Ella would hear no argument. “Like ice in that bedroom. You’ll be glad of this nightie, right enough, when yer froze to the bone, so don’t be turning up your nose at it, Miss Bailey.”
Hugging the warm cloth to her, Bailey padded across her room and crept down the three steps to the hall. Maple Hill had been built in stages and steps adjusted for the uneven levels, but some of them creaked. She slipped past Aunt Meg’s cracked door. No point in worrying Meg with her nocturnal ramble, bound to be deemed peculiar at best. The cold wind rattled the windows in the hall and flung sleety snow at the glass panes. She shivered in the draft leaking through the casings and other crevices in the old house. It was no wonder black snakes sometimes found their way inside in the summer.

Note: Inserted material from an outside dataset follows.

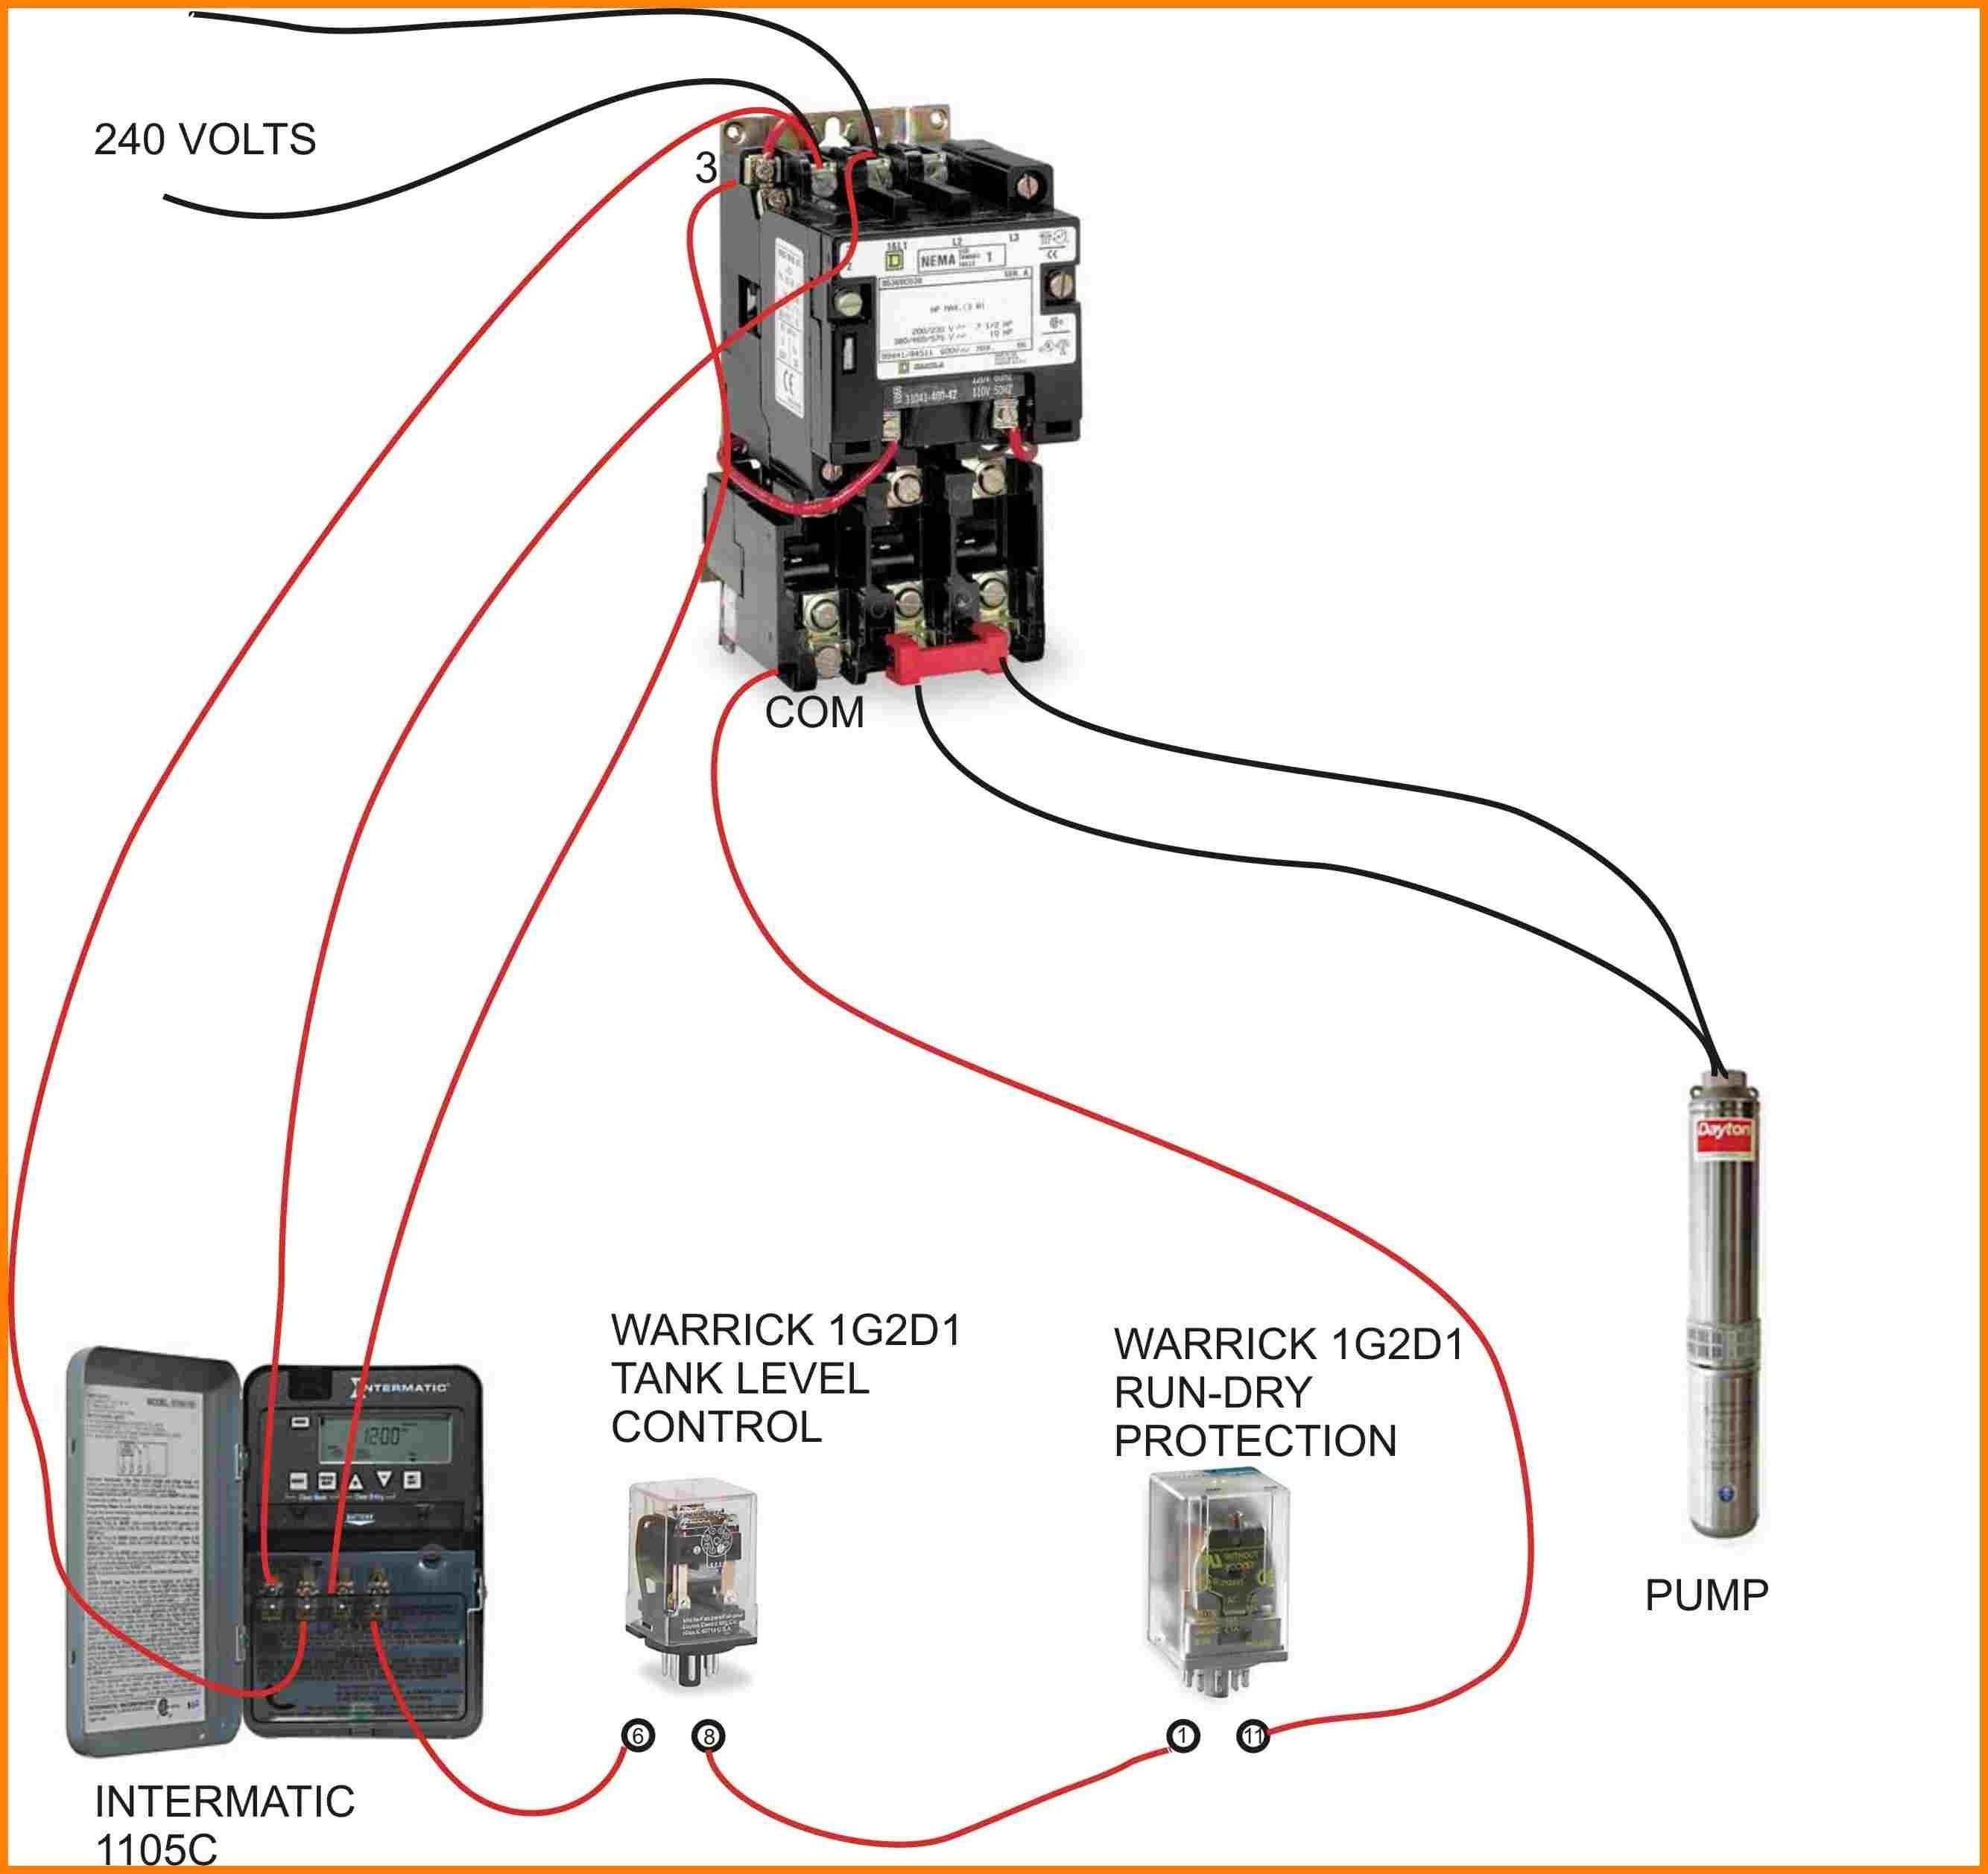 2 Pole Contactor Wiring Diagram Eaton C25bnb230a Wiring Diagram Electrical Circuit 2 Pole Contactor Of 2 Pole Contactor Wiring Diagram

The pale light trailing down the hall illuminated the closed door to her right. She stopped outside the wooden barrier, darkened and scored with age, and pressed her ear to its hard surface. Nothing unusual reached her above the rattle of the wind. Likely the smoke she detected had floated upstairs from the living room hearth. If a bum had stolen into the house and taken up residence in here—a wildly unlikely premise—she shouldn’t seek him out alone.
Worse—if a ghost lurked within, she didn’t want to come upon this unearthly specter by herself. Or at all. She shivered from more than the frigid air, but didn’t turn back.
It might well be that the figure and light she’d seen earlier were simply the fabrications of her overactive mind. Supposedly no one had stayed in here for decades, presumably because it wasn’t needed. Ella gave the room an occasional dusting then shut the door. Any spillover of company slept elsewhere, including the two spare bedrooms downstairs.